L’energia domestica sta cambiando: non è più solo “produrre con il fotovoltaico”, ma saperla accumulare, gestire e usare in modo intelligente. Qui entra in gioco l’EP Cube, una soluzione che ha ridefinito il concetto di batteria domestica puntando su modularità, semplicità e flessibilità. Se stai valutando un impianto fotovoltaico o vuoi migliorare quello che hai, questa guida pratica all’installazione e alla gestione dell’ep cube batteria modulare ti mostra perché il design a moduli impilabili e la logica smart fanno la differenza rispetto alle batterie monoblocco. Scoprirai come si dimensiona correttamente la capacità per la tua casa, come funziona il backup, quali sono i requisiti elettrici secondo CEI 0-21, come gestire i carichi e le tariffe time-of-use, e quali sono i reali vantaggi logistici per installatori e utenti finali. Dalla messa in servizio via app alle strategie di ricarica da rete, fino alla manutenzione di un singolo modulo: tutto quello che serve per scegliere e installare un sistema di accumulo modulare EP Cube con sicurezza e consapevolezza.
Cos’è il sistema di accumulo modulare EP Cube
Architettura a moduli impilabili e gestione intelligente
Il cuore del sistema di accumulo modulare EP Cube è un’architettura a moduli batteria impilabili LFP (litio ferro fosfato). Ogni modulo aggiunge capacità e potenza, consentendo di partire da una taglia base e crescere in funzione dei consumi reali. Questa struttura “a mattoncini” riduce il rischio di sovra-dimensionamento iniziale e abilita aggiornamenti nel tempo senza sostituzioni complete. Un BMS centralizzato per pacchi batteria modulari gestisce sicurezza, bilanciamento celle, efficienza e profondità di scarica (DoD), ottimizzando prestazioni e durata.

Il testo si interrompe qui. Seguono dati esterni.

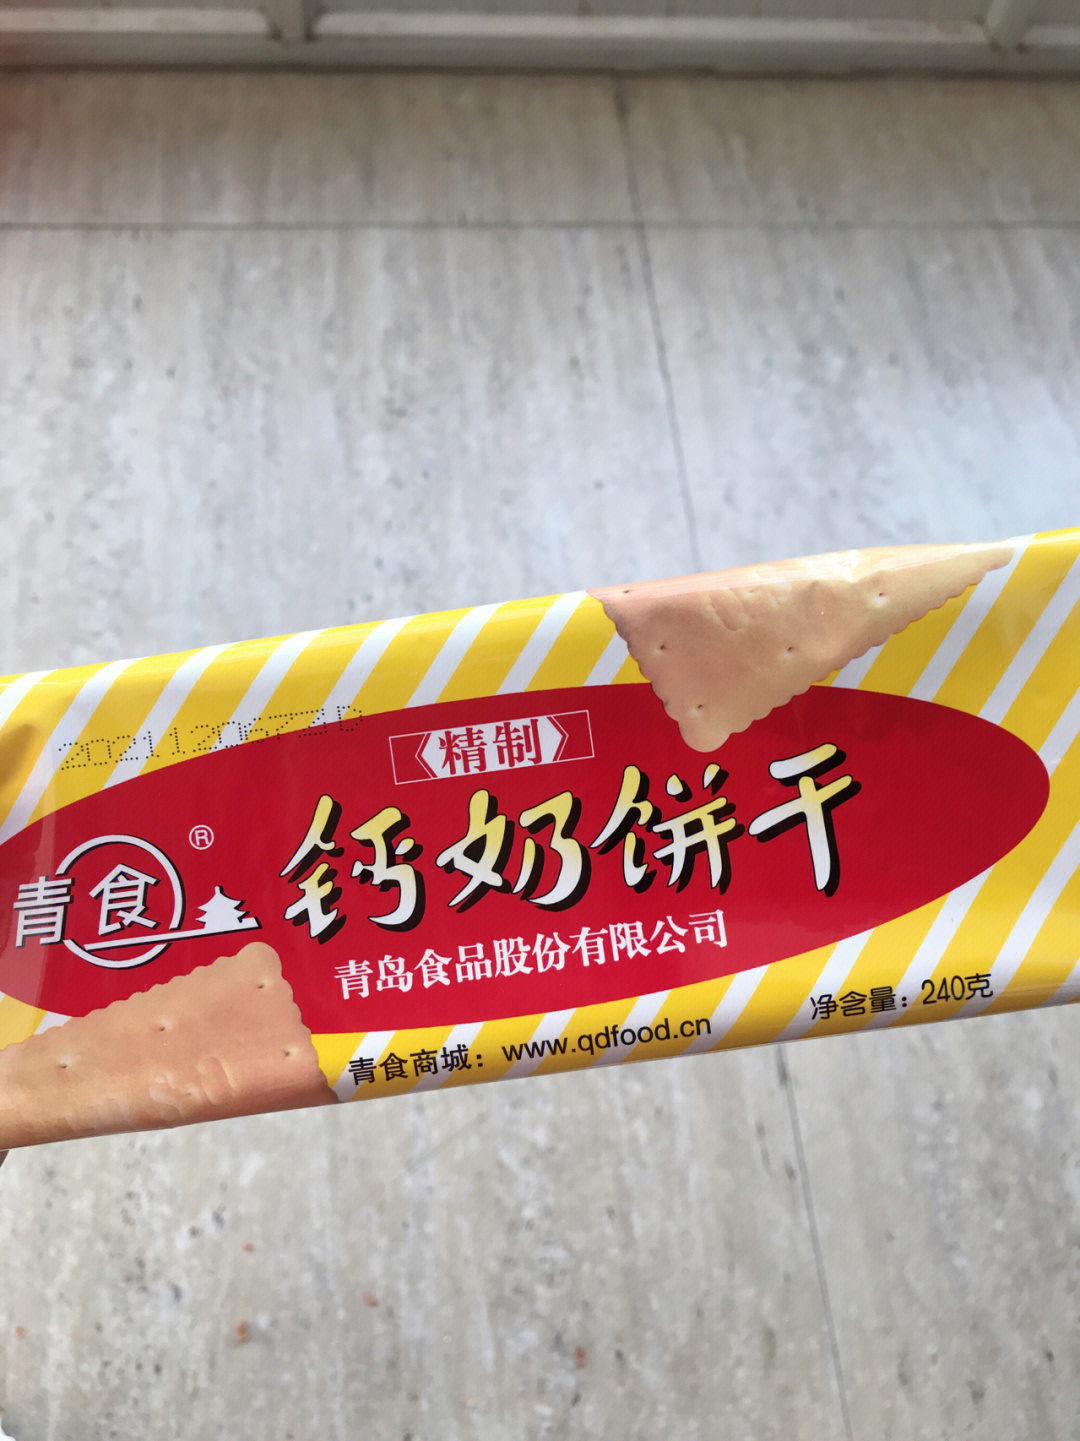 青食钙奶饼干红色包装图片

Componenti: unità di potenza, moduli batteria, BMS, gateway, app
Oltre ai moduli batteria, l’EP Cube integra un’unità di potenza con conversione bidirezionale e protezioni, un gateway di comunicazione per interfacciare sensori di corrente (TA) e rete domestica, e un’app di monitoraggio per configurazione e controllo. La messa in servizio tramite app di monitoraggio semplifica l’avvio, la verifica dei parametri e l’ottimizzazione delle logiche di carica/scarica.
Applicazioni residenziali e piccole attività
Pensato per abitazioni e piccole attività, il sistema supporta sia l’accoppiamento AC con inverter esistenti (string-inverter o microinverter), sia configurazioni ibride su nuovi impianti. Tra i casi d’uso: aumento dell’autoconsumo, backup elettrico abitazione con storage, peak shaving in presenza di carichi energivori e gestione time-of-use. In breve, è una batteria domestica per fotovoltaico EP Cube che si adatta al contesto reale, con vantaggi concreti per chi vuole sapere come installare un sistema di accumulo modulare EP Cube in abitazione e mantenerlo efficiente nel tempo.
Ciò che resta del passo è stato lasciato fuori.